How Kathy Griffin may have saved us from ourselves

Though it likely wasn’t her intention, Kathy Griffin may have done us a solid.

Let’s hope her apology, as well as CNN’s dismissal of her, were both acts of genuine, scene-altering conscience — not simply craven attempts to move on as quickly as possible to the next form of cultural subterfuge.

And if that’s truly the case, let their acts of conscience be ours as well.

For when the belief exists that there was a sincere audience for presidential beheading humor, and you orchestrated a photoshoot (complete with effects) to pull it off, you cannot feign reactionary faux pas in the ready-fire-aim era of social media.

This was a calculated, intentional, attempt to tap into some sinister zeitgeist no free people should tolerate.
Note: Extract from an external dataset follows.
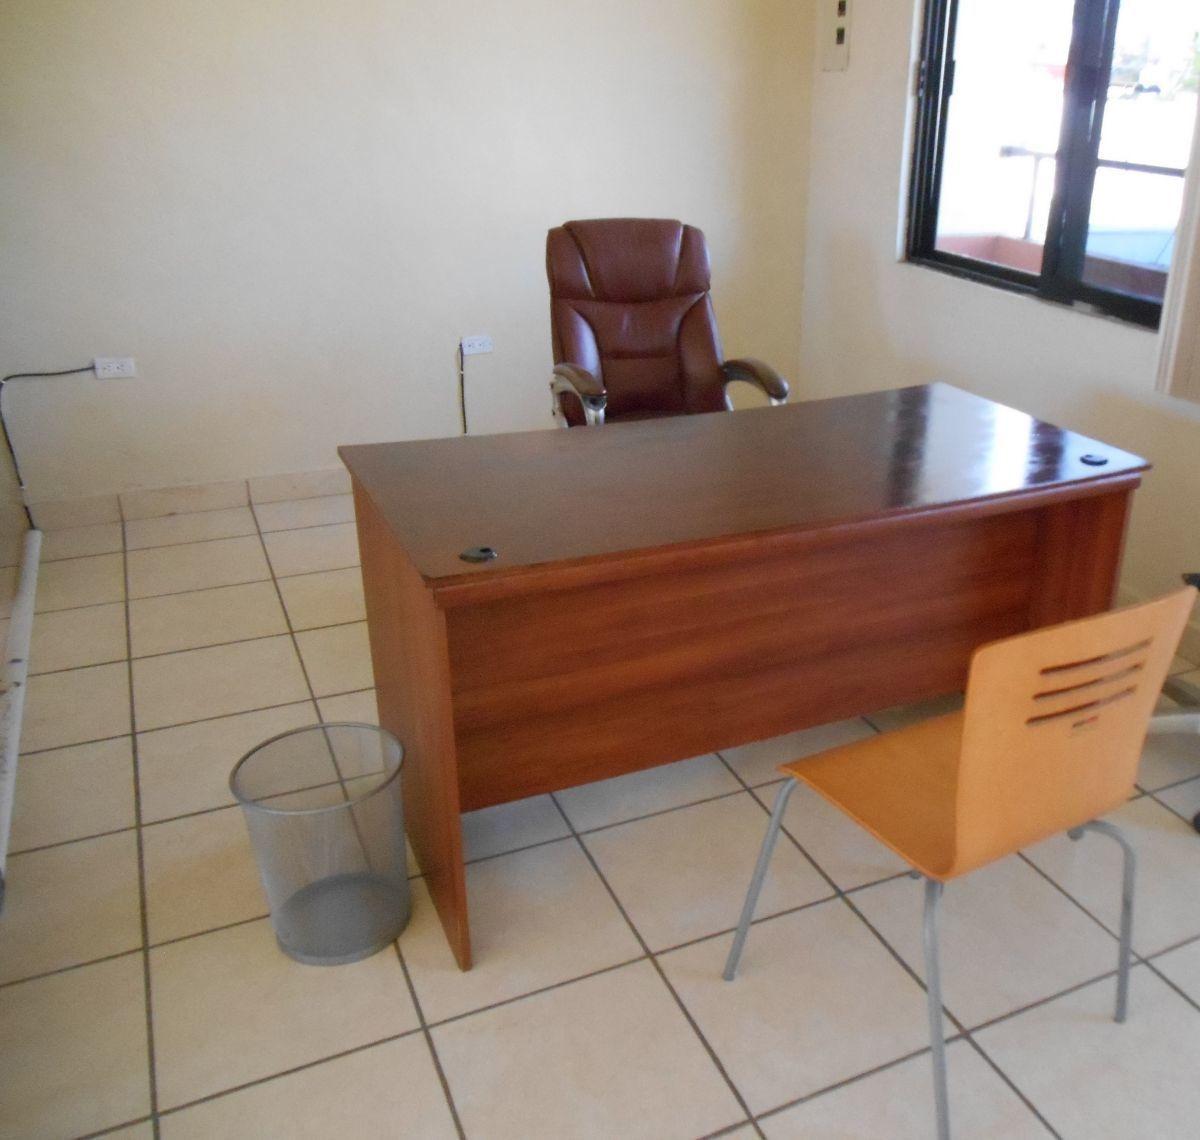 oficina amueblada en renta. morelos (3). centro de la paz. renta minima 1 año

In other words, Griffin and her collaborators clearly had (good?) reason to believe there was a market for this.

Misguided attempts at humor that draw a wince instead of a laugh are one thing — and ultimately not particularly dangerous on any level, regardless of how offensive they may be. Tasteless, sure, but not dangerous.

Yet that’s not what this was.

This was a woman, given a national platform by a major name in news, who somehow believed parroting ISIS-level acts of villainy was appropriate. It is doubtful she did this on a lark, or simply took a joyride into the forbidden zone by failing to step away from the keyboard before hitting “send.” In this day and age, that can happen to the best of us, and has happened to me.
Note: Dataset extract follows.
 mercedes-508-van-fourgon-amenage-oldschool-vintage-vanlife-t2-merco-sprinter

More likely, Kathy Griffin simply took a look across the horizon of how we are debasing ourselves over politics, and simply scripted out what might be the next step.

She thought wrong, and now her career may be in jeopardy.

But before we congratulate ourselves on being morally superior to such dreck … not so fast. While Griffin crossed the line, the current political environment has created too many on both sides who have flirted with doing the same in their own way.

We have made stars out of discredited conspiracy theorists, who admit in sworn court documents they’re click-bait peddling frauds for the masses. We are legitimizing an anti-American anarchist who helped get our soldiers killed. We made a racist, anti-Semitic frog an actual thing.

Of course, as bad as all of those examples are, none of them probably stoop to the heinous level Griffin lowered herself to. But they are on the same highway to hell.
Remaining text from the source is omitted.